Internal-Guidance

Guiding a Diffusion Transformer

with the Internal Dynamics of Itself

Under Review

Xingyu Zhou¹, Qifan Li¹, Xiaobin Hu², Hai Chen^3,4, Shuhang Gu^1,*
¹University of Electronic Science and Technology of China ²National University of Singapore
³Sun Yat-sen University ⁴North China Institute of Computer Systems Engineering
^*Corresponding Author

[Paper] [Code] [HuggingFace]

TL;DR:

🔥 New SOTA on 256 × 256 ImageNet generation. We present Internal Guidance (IG), a simple yet powerful guidance mechanism for Diffusion Transformers. LightningDiT-XL/1 + IG sets a new state of the art with FID = 1.07 on ImageNet, while achieving FID = 1.24 without classifier-free guidance. IG delivers dramatic quality gains with far fewer training epochs, adds negligible overhead, and works as a drop-in upgrade for modern diffusion transformers.

Method

(a) Internal Guidance (IG) is a lightweight guidance framework for Diffusion Transformers that leverages the model’s own internal dynamics to improve both generation quality and training efficiency. During training, IG introduces a simple auxiliary supervision at an intermediate layer, enabling the model to produce a weaker but semantically meaningful intermediate prediction alongside the final output. This additional supervision helps stabilize optimization and alleviates gradient vanishing in deep diffusion transformers.
(b) At inference time, IG treats the intermediate output as an internal “weaker model” and guides the final prediction by extrapolating between intermediate and final-layer outputs. This yields an autoguidance-like effect without requiring degraded models, extra training, or additional sampling steps. As a result, IG enhances sample fidelity while preserving diversity.
(c) IG is fully plug-and-play and can be seamlessly integrated into existing Diffusion Transformer architectures. Moreover, it is complementary to classifier-free guidance (CFG) and guidance intervals, enabling further performance gains. Extensive experiments demonstrate that IG consistently improves generation quality across model scales and backbones, achieving state-of-the-art results with minimal computational overhead.

Discussion

We conduct a 2D toy example experiment similar to Autoguidance to further analyze the role of the IG.
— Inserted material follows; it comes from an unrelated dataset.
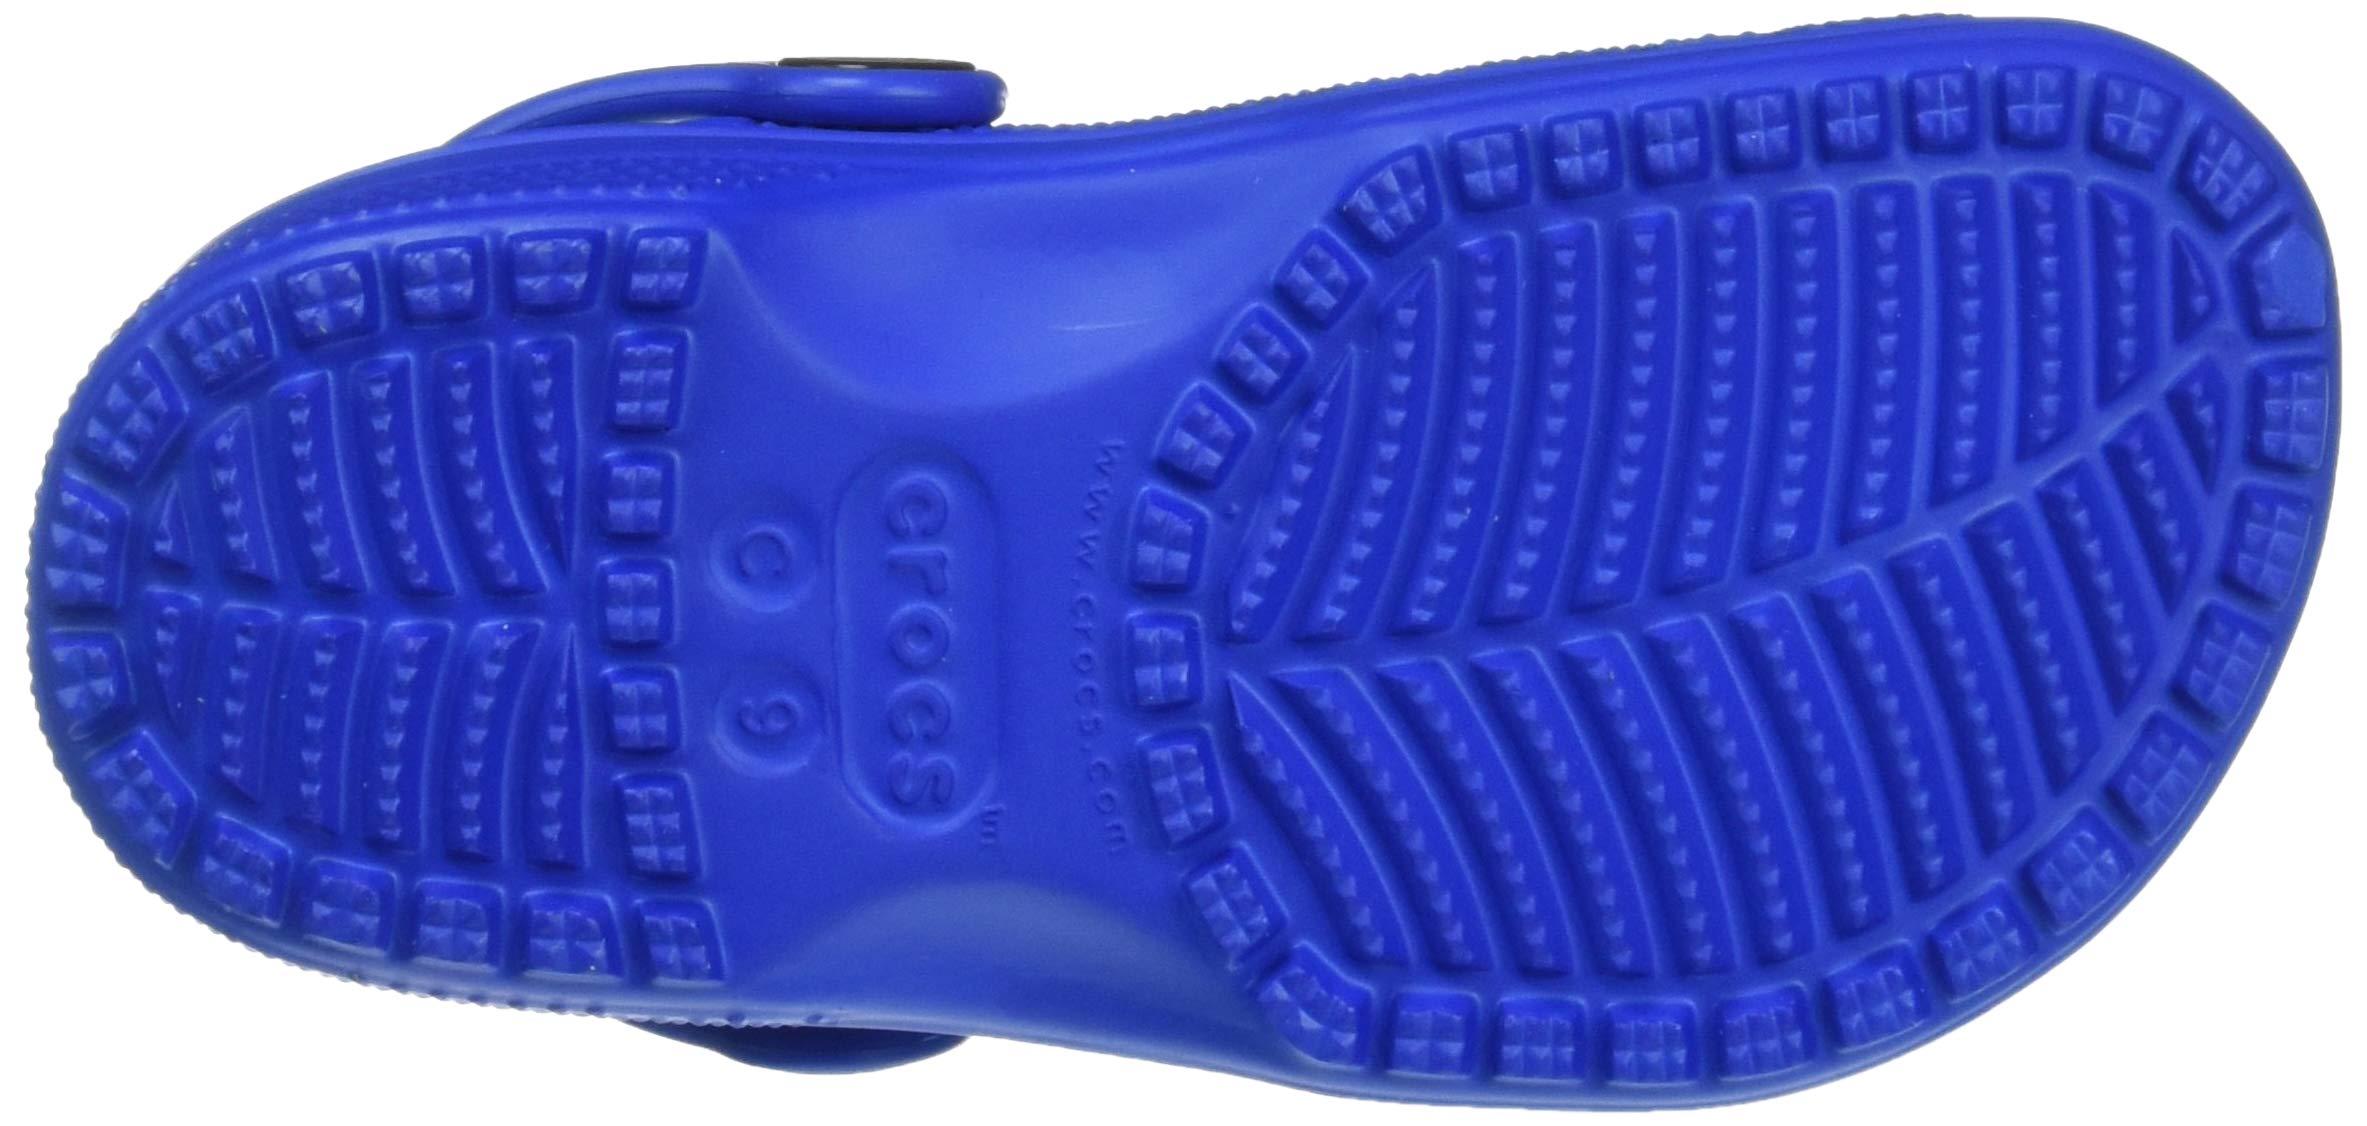 Crocs Classic Clog, Bright Cobalt, 13 M US Little Kid by Crocs (Image #3)

Compatibility with CFG: IG can be combined with classifier-free guidance (CFG), further improving image quality. This synergy between IG and CFG significantly reduces outliers while maintaining diversity.

Guidance Interval: The introduction of a guidance interval allows IG to be applied selectively at certain noise levels. This enhances its effectiveness, particularly in high-noise ranges, while avoiding over-simplification of the generated samples.

Training Acceleration: By incorporating IG into the training process, we can also accelerate convergence. In experiments on SiT-B/2, the IG-based training loss has been shown to outperform REPA, demonstrating faster convergence with comparable or better generation quality.

Experimental Results

We demonstrate the effectiveness of the IG that we have proposed.

Just adding an auxiliary supervision (without IG sampling) achieves a similar effect as that incorporates self-supervised representation learning as regularization.

IG shows benifit on different baselines across different model size.

IG shows superior performance against all of other methods and can be combined with the methods that utilize pre-trained self-supervised representation models.

FID-50K comparison under random class sampling.

FID-50K comparison under uniform class sampling.

The combination of IG and CFG can further enhance the quality of image generation.

References

[1] Karras, Tero, et al. "Guiding a diffusion model with a bad version of itself." NeurIPS 2024.
[2] Yu, Sihyun, et al. "Representation alignment for generation: Training diffusion transformers is easier than you think." ICLR 2025.
[3] Yao, Jingfeng, et al. "Reconstruction vs. generation: Taming optimization dilemma in latent diffusion models." CVPR 2025.